I have Mountain Horse winters and they are super warm! Too warm for training hard inside! I have to use my regular riding boots because the winter ones are too hot. I will use them when I am outside or trail riding.


----------



## horselessmom (Apr 20, 2012)

hemms said:


> If the big winter boot search fails, I would suggest Mark's Work Wearhouse, if you have one... A little more $ than the knock-offs but still much less than actual riding boots. Their house brand, Wind River, is great quality. They have smaller, lace-up winter boots that still offer great warmth.
> 
> They also have all the socks needed for 'The Sock System'.
> _Posted via Mobile Device_


We have it nearby, thanks! We are actually ready to go now and do some shopping. Hopefully on a budget. :lol:


----------



## horselessmom (Apr 20, 2012)

Strawberry4Me said:


> I have Mountain Horse winters and they are super warm! Too warm for training hard inside! I have to use my regular riding boots because the winter ones are too hot. I will use them when I am outside or trail riding.


Thanks! What temperatures?


----------



## Strawberry4Me (Sep 13, 2012)

horselessmom said:


> Thanks! What temperatures?


 winters here range from 40 degrees to -20 degrees. Even in the negatives, the winter Mountain Horse boots a very warm!


----------



## Saddlebag (Jan 17, 2011)

My hubby used to work the high steel in very cold temperatures.

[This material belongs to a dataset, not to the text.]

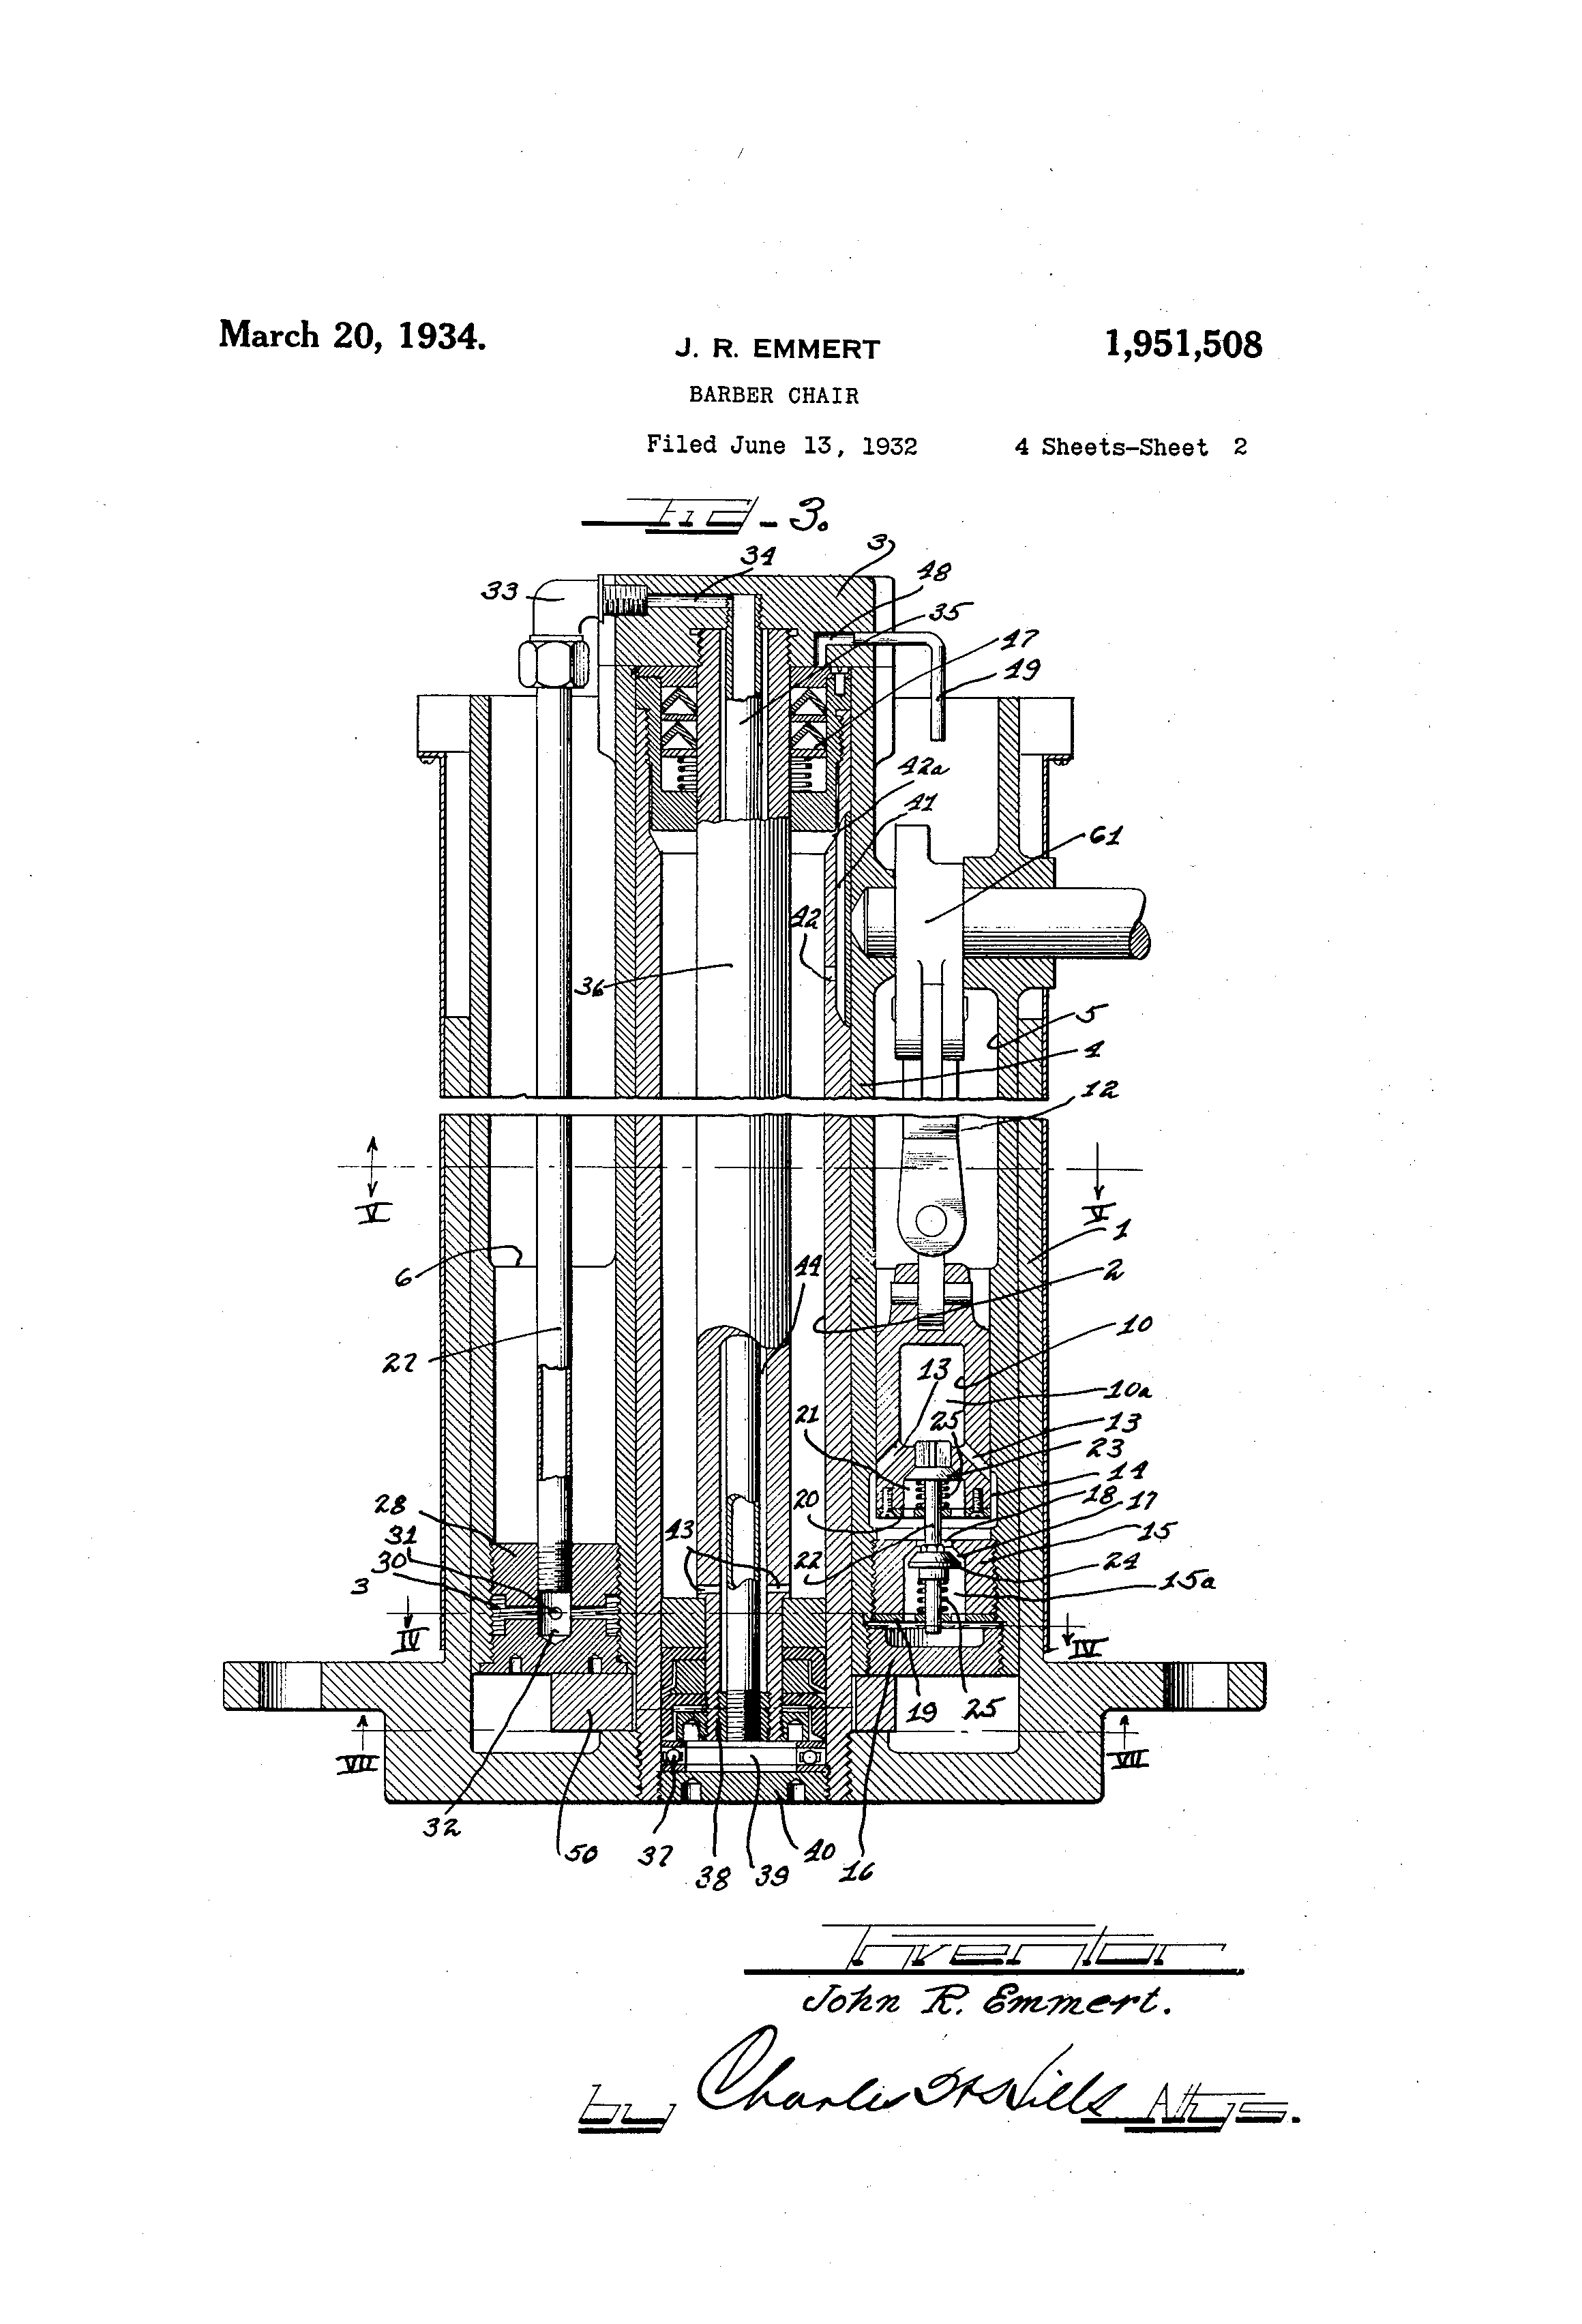 b136b1b3-0255-4030-b5db-e6a995321fb0_US1951508-1[1].png

His trick for keeping his feet warm was to allow his boots to freeze and he made sure his feet were bone dry as he put on his socks and boots. Moisture inside the boot contributes to cold feet. I have walked outside in -25* wearing thin suede moccasins and as long as my feet were moving they were toasty warm. Moisture from my feet escaped thro the leather.


----------



## horselessmom (Apr 20, 2012)

I got her a pair of Mountain Horse, a size too big, so that they will last until next winter, I hope. With the sale on, it seemed like a good deal. Thank you for all the feedback and advice! Got her a pair of nylon socks and her possum socks are on the way as well. With my luck, we are going to have an early spring, and I'll be spending another $100 on her "summer" boots in March. :twisted: But then the entire Canada will be thanking me for making sure spring was on schedule, so I don't mind. :lol:


----------



## hemms (Apr 18, 2012)

Strawberry4Me said:


> winters here range from 40 degrees to -20 degrees. Even in the negatives, the winter Mountain Horse boots a very warm!


Forgive me, but is this Celcius or Fahrenheit? Very different meanings.
_Posted via Mobile Device_


----------



## Strawberry4Me (Sep 13, 2012)

Fahrenheit. Sorry about that!!


----------